# When is the next show?



## Jerseyzuks (Dec 6, 2008)

Anything in the Southeastern PA, NJ, DE, MD area coming up soon?


----------



## Walker (Dec 12, 2008)

Hamburg PA Reptile Show is coming up in February. They ususally have one there every other month. Not to sure of the exact date right now. Anyone Know? I think its later in the month. Not sure of shows in NJ, DE, or MD though.
-Walker


----------



## Dragas (Sep 4, 2008)

http://www.centralpareptileexpo.com/


----------



## Adven2er (Aug 17, 2008)

Northwestern Berks Reptile Show & Sale


----------



## ggazonas (May 11, 2008)

the whiteplains NY show is January 25


----------



## Philsuma (Jul 18, 2006)

Use this Herp website to find all animal / Herp shows nationwide.....until I get my site up, which will be a whole lot better......muhaha

kingsnake.com - the information portal for reptile and amphibian hobbyists.


----------



## Ed (Sep 19, 2004)

The next one that I think is closest to you is Jan 10th at the All Maryland Reptile Show 
Maryland Reptile Farm - Shows 

I probably won't make that one. 

Ed


----------



## Jerseyzuks (Dec 6, 2008)

Ed said:


> The next one that I think is closest to you is Jan 10th at the All Maryland Reptile Show
> Maryland Reptile Farm - Shows
> 
> I probably won't make that one.
> ...


How is that show?

Years ago (probably about 10-12 years ago) I went to that show a few times, but IIRC it was pretty small. Has it grown over the years?


----------



## Philsuma (Jul 18, 2006)

Jerseyzuks said:


> How is that show?
> 
> Years ago (probably about 10-12 years ago) I went to that show a few times, but IIRC it was pretty small. Has it grown over the years?
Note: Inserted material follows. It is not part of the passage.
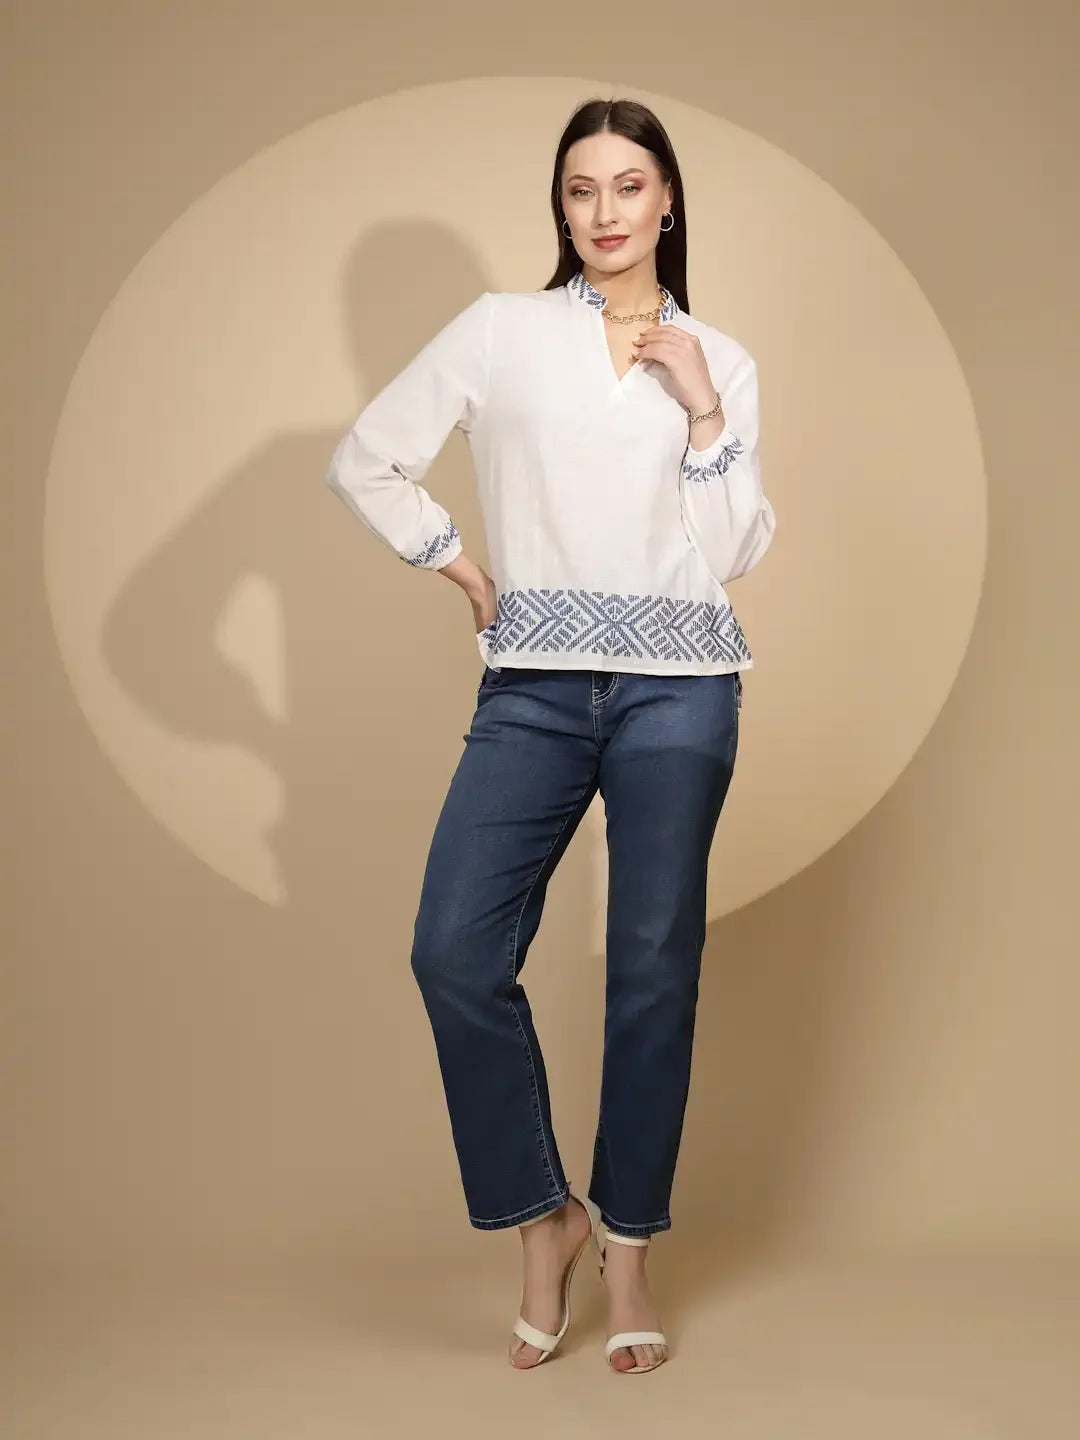 White Cotton Regular Fit Blouson Top For Women

Nice building...plenty of vendor space...clean....no crowds....


Now for the bad news.....only @ 25 vendors, 2 of which sell PDF. BUT Mike Shrom usually goes and has many cool Newts and feeder insects.

Small show only of value to those within a 50 mile radius....IMHO

Hamburg is still king of the East coast shows for darts and just about every other herp catagory.


----------



## Ed (Sep 19, 2004)

There are typically only a couple of real dart frog breeder vendors there but occasionally other items pop up at some of the tables (for example Reptile Kingdom had the terriblis at the last show). Its a much better show to meet up and chat with people since it is much less crowded than Hamburg as there is a lot more room and you don't create log jams midflow when you meet with someone. 

I'll probably be at the next Hamburg show as I need to get some more feeder rodents and I need to go to Zerns (About Zerns) for some supplies. 

Ed


----------



## yours (Nov 11, 2007)

I think the M.A.R.S. show in Maryland(september) really kicked butt too as well and is JUST as comparable, scale-wise as Hamburg's show...........I just wish it happened more often! Everyone and anyone is at that show though! 

The best thing at the last All Maryland show was RANDY, and the darts i got from him....seeing those blue dwarf geckos.....and ED's laugh!! haha


----------



## Philsuma (Jul 18, 2006)

yours said:


> I think the M.A.R.S. show in Maryland(september) really kicked butt too as well and is JUST as comparable, scale-wise as Hamburg's show


The MARS show is definately a very good frog show but it only comes once or twice a year.

Trying to compare it to Hamburg is like trying to compare apples and oranges.

Hamburg has HOTS or HOTZ if your into TEXTING, those cool illegal and morally reprehensable 4 inch baby turtles and lots more reptiles.

MARS is a little more "responsible"....Eco-friendly even!

Hamburg is a little more "back alley, what ya got in the bag"? type of show.

Both are cool


----------



## Walker (Dec 12, 2008)

Totally concur with the "Back Alley" description of Hamburg. You really see some sights and I'm not talkin' about the animals. Just the same a cool show. Overall not a lot of pfs's. Black jungle is sometimes there but not often.


----------



## Adven2er (Aug 17, 2008)

Ed said:


> I'll probably be at the next Hamburg show as I need to get some more feeder rodents and I need to go to Zerns (About Zerns) for some supplies.
> 
> Ed


I've been to Zern's many times. The crowds there are sometimes just like what you see at Hamburg. There is a tavern at the entrance were I was a bartender for about 4 years back in the 80's. Good times.


----------



## yours (Nov 11, 2007)

The M.A.R.S. show is all CAPTIVE BRED as well...which is pretty cool 

But yes, I really did enjoy seeing all of the turtles, they were really neat!


----------